Why ever not? There's been a recession on, and it's not as if we're unaccustomed to the two-for-a-tenner tango. Deep discounting and voucher schemes are now commonplace at high street restaurants such as The Real Greek, Pizza Express, Carluccio's, Yo! Sushi, Masala Zone, Loch Fyne, Strada, Zizzi, Prezzo and Ask: it's so entrenched that some restaurateurs now doubt that customers will ever willingly pay full price again.

But a lot depends on the kind of restaurant you're in, and the kind of experience you're looking for. Having discussed with your waiter the nether reaches of the wine list or weighed up the merits of Quicke's versus Keen's over the cheeseboard, are you willing to look him in the eye come totting-up time and say, "Hang on, I've got a voucher"? We are, of course, eager to hear your tales of successful and unsuccessful coupon-brandishing and possible mortification therein, but Jain believes that there's a time and a place for discretion.

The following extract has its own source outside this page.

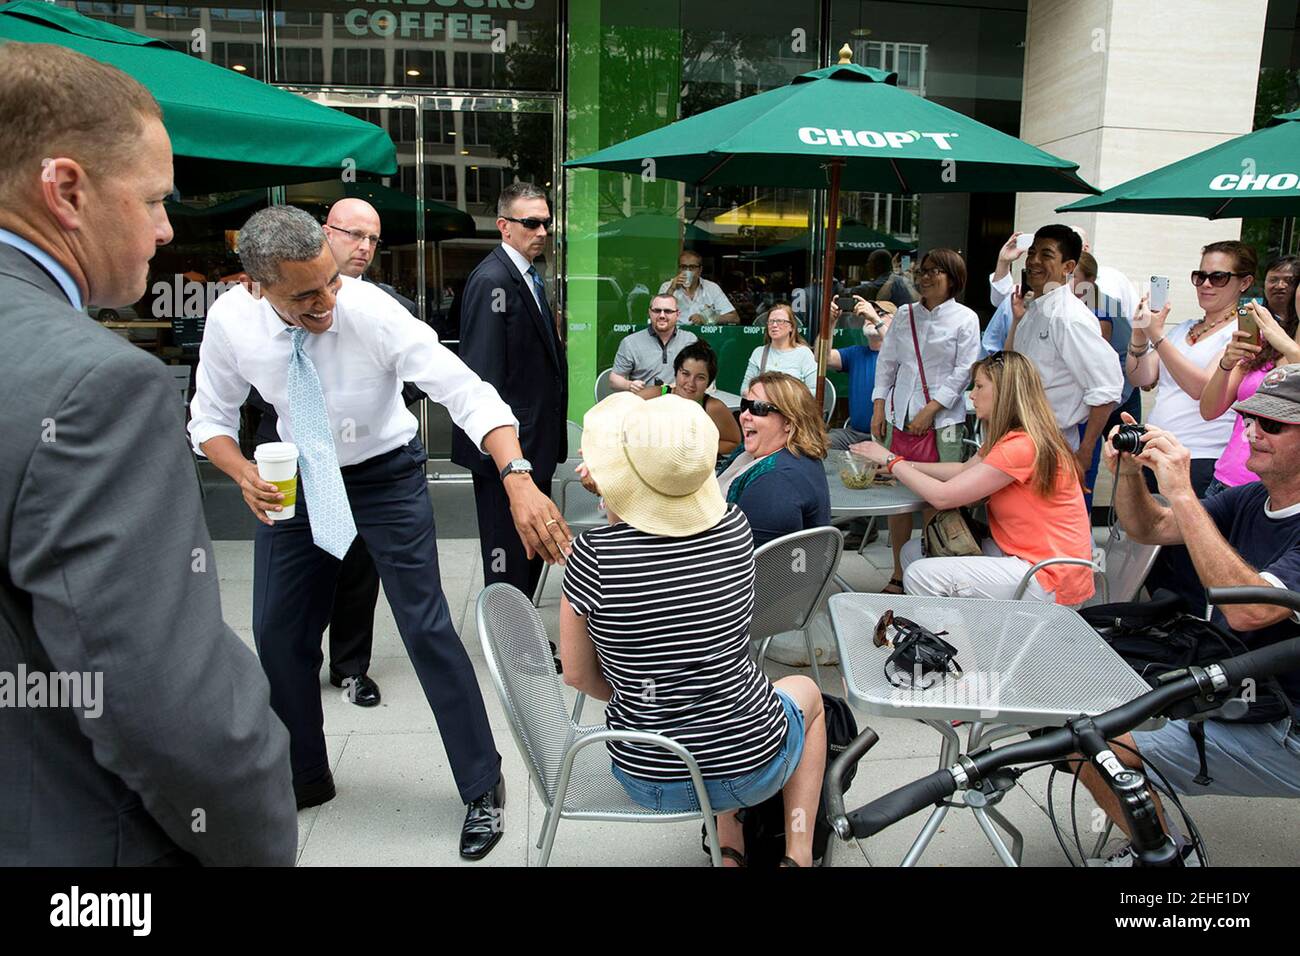 President Barack Obama greets people sitting outside a Chop't restaurant after dropping by a Starbucks on Pennsylvania Avenue in Washington, D.C., June 9, 2014. Stock Photo

"If I was out to dinner with someone I'd been dating for a year and a half," he says, "I'd be bragging about getting money off. But if it was a second date, it might be different." There are many other occasions, work and social, when it's feasible that the host or hostess might not want their guests to know that they are being wined and dined at a discount. And, of course, the smarter the restaurant, the less willing they may be to cheapen themselves in public by offering explicit deals despite a pressing need to get bums on seats. There's a complicity here - the restaurant needs the business, the customer needs the discount, but neither necessarily wish to shout about it.

What's the catch? Jain's model operates on the same lines as flight ticketing, with prices lower at quiet times. Like airlines restaurants have a high level of fixed costs, but varied demand ? and Table7 is designed to entice customers into restaurants at off-peak times. Our explorations reveal some slots you'd want: 12.15pm for lunch and 7pm for dinner at L'Autre Pied on a Thursday, with 30% off the bill, or a 1.30pm lunch or 7pm dinner at Maze with 20% off. Of course, there are also some more eccentric timeslots, like dinner at 6.30pm or 10pm at Eight Over Eight. Would you want to know whether your date or host is an insatiable but discreet bargain hunter (which some consider an excellent quality for a future ally in business or love)? If so, try checking your watch.